● **Dataset excerpt**

>>

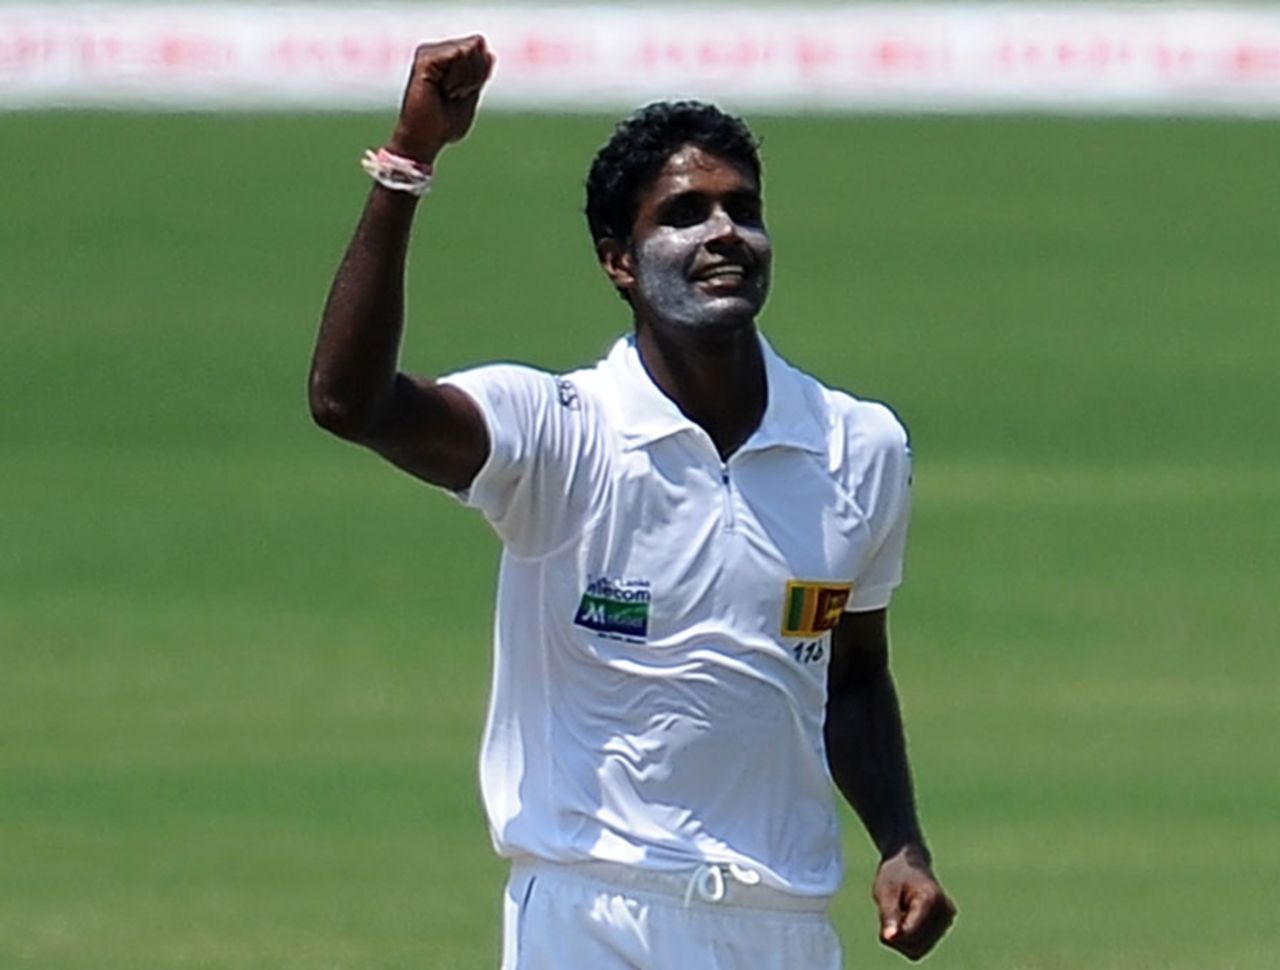 Shaminda Eranga celebrates the wicket of Jahurul Islam, Sri Lanka v Bangladesh, 2nd Test, Colombo, 1st day, March 16, 2013
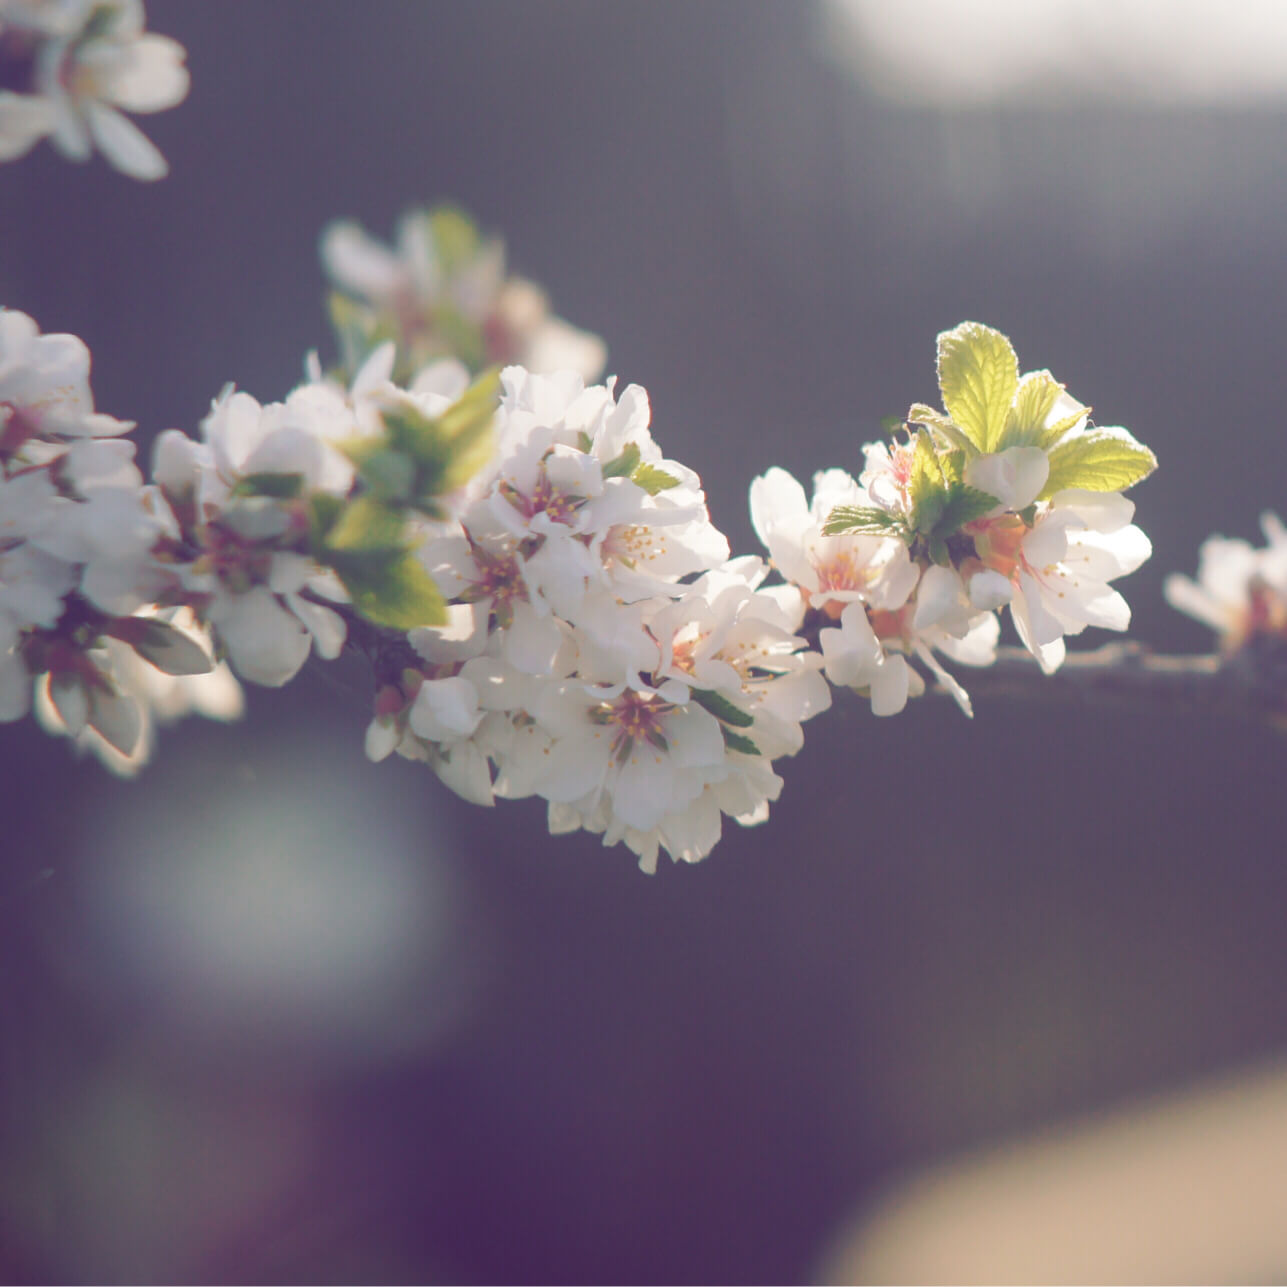 ユスラウメ 梅桃 の花言葉 花の特徴や実の味 食べ方は Greensnap グリーンスナップ
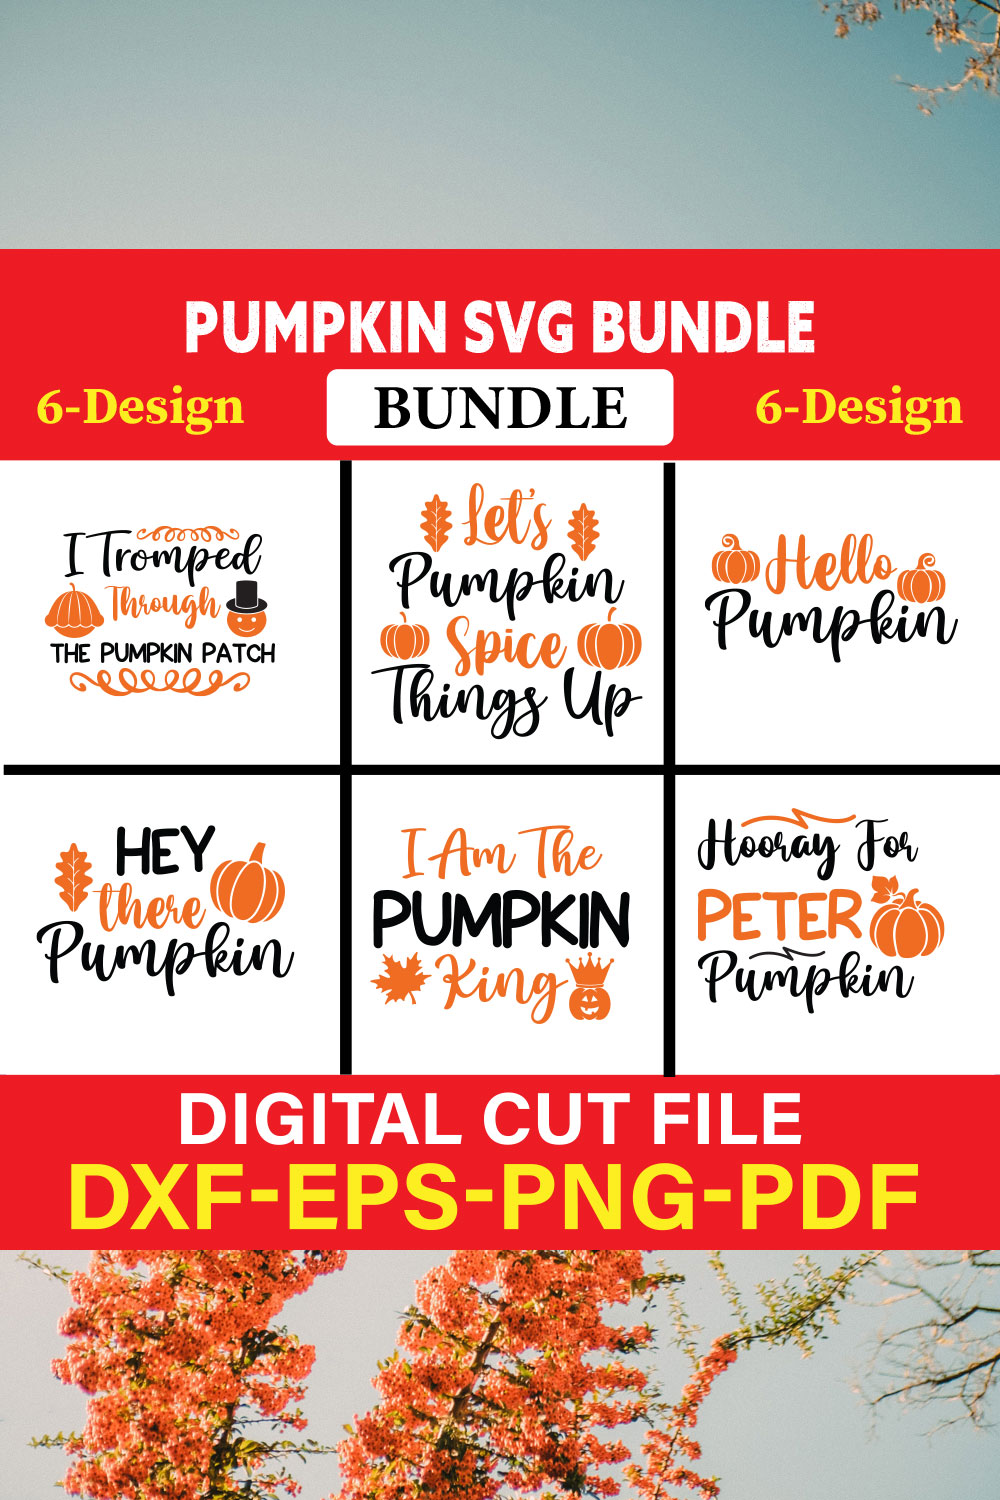 Pumpkin svg bundle T-shirt Design Bundle Vol-1 pinterest preview image.

<<

● **The problem**
Each line above gets copied exactly; leave the pictures out.

● **Exercise solution**
 Shaminda Eranga celebrates the wicket of Jahurul Islam, Sri Lanka v Bangladesh, 2nd Test, Colombo, 1st day, March 16, 2013
 ユスラウメ 梅桃 の花言葉 花の特徴や実の味 食べ方は Greensnap グリーンスナップ
 Pumpkin svg bundle T-shirt Design Bundle Vol-1 pinterest preview image.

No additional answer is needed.